Herzliya, on the Mediterranean coast, said the law would be enforced by city inspectors on the beaches who will impose fines on violators. The ban is part of a wider city initiative to make Herzliya a plastic-free city in an attempt to encourage public bodies and educational institutions to stop using such plastic goods.
On Sunday, Eilat city hall announced a two-stage plan to protect Red Sea beaches in Israel's south, which are polluted by accumulated plastic. The first stage will include educating businesses in the city along the coast to avoid using plastic and later new local bylaws will be enforced to ban the use of disposables along the sea.

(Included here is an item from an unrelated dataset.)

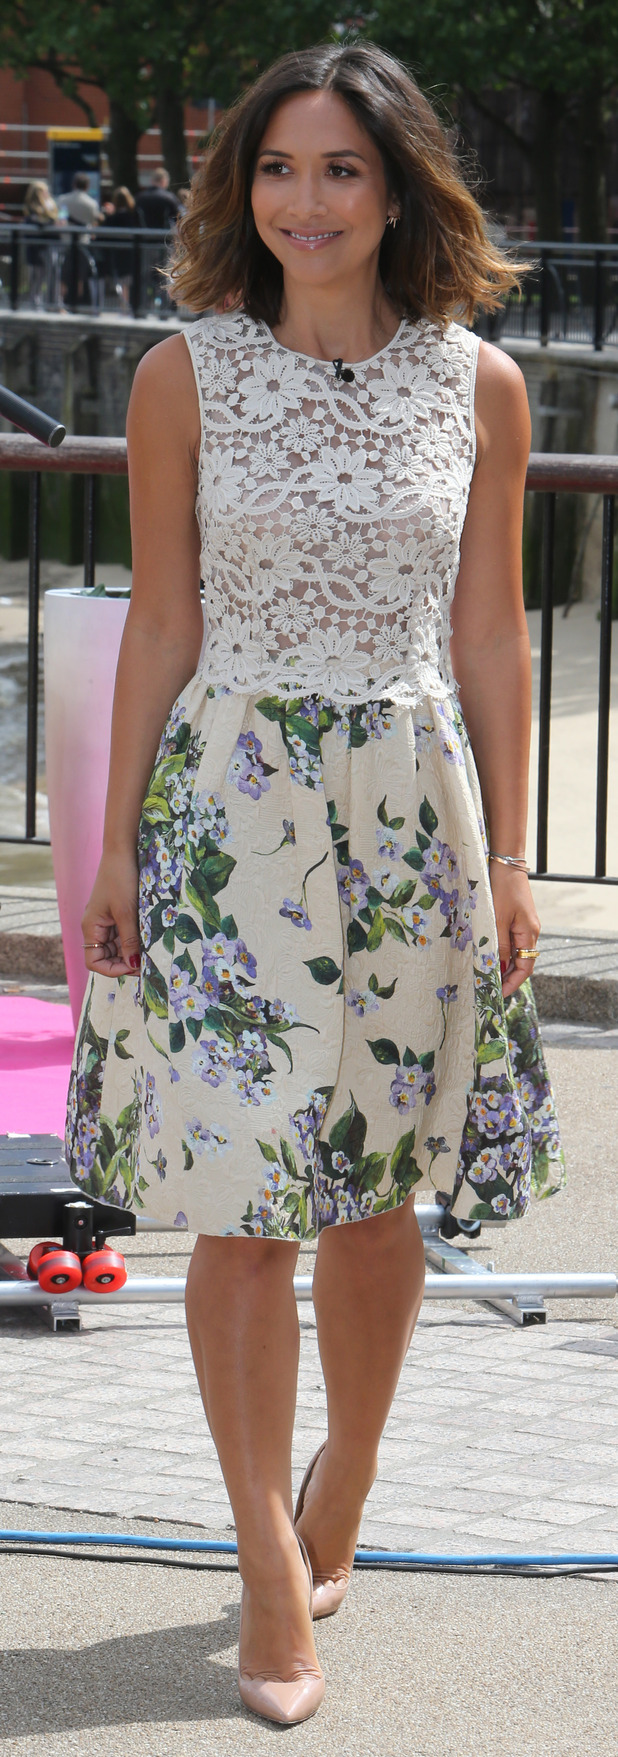 Myleene Klass filming BBQ Champ outside ITV studios, London Southbank 30th July 2015

The city will also launch a campaign to raise awareness among residents and vacationers to the great damage done to the coral reefs, fish and other marine animals by plastics. The city council will meet on Wednesday to amend the bylaws, which will then need to be approved by the Interior Ministry. Eilat city hall said plastic water bottles will be exempted from the ban. City inspectors will first issue warnings and only later will they impose fines.
Plastic makes up 90 percent of marine waste with at least 58 percent of the waste coming from those on the beach, data from the Environmental Protection Ministry shows.
Six months ago, the ministry called for scientists to propose studies to monitor plastic waste in the Mediterranean Sea and Gulf of Aqaba, and a number of those proposals are now under examination.
The ministry is also interested in investigating how much plastic that washes up on Israel’s shores comes from other countries, and how much comes from internal sources such as runoff from streams and rivers.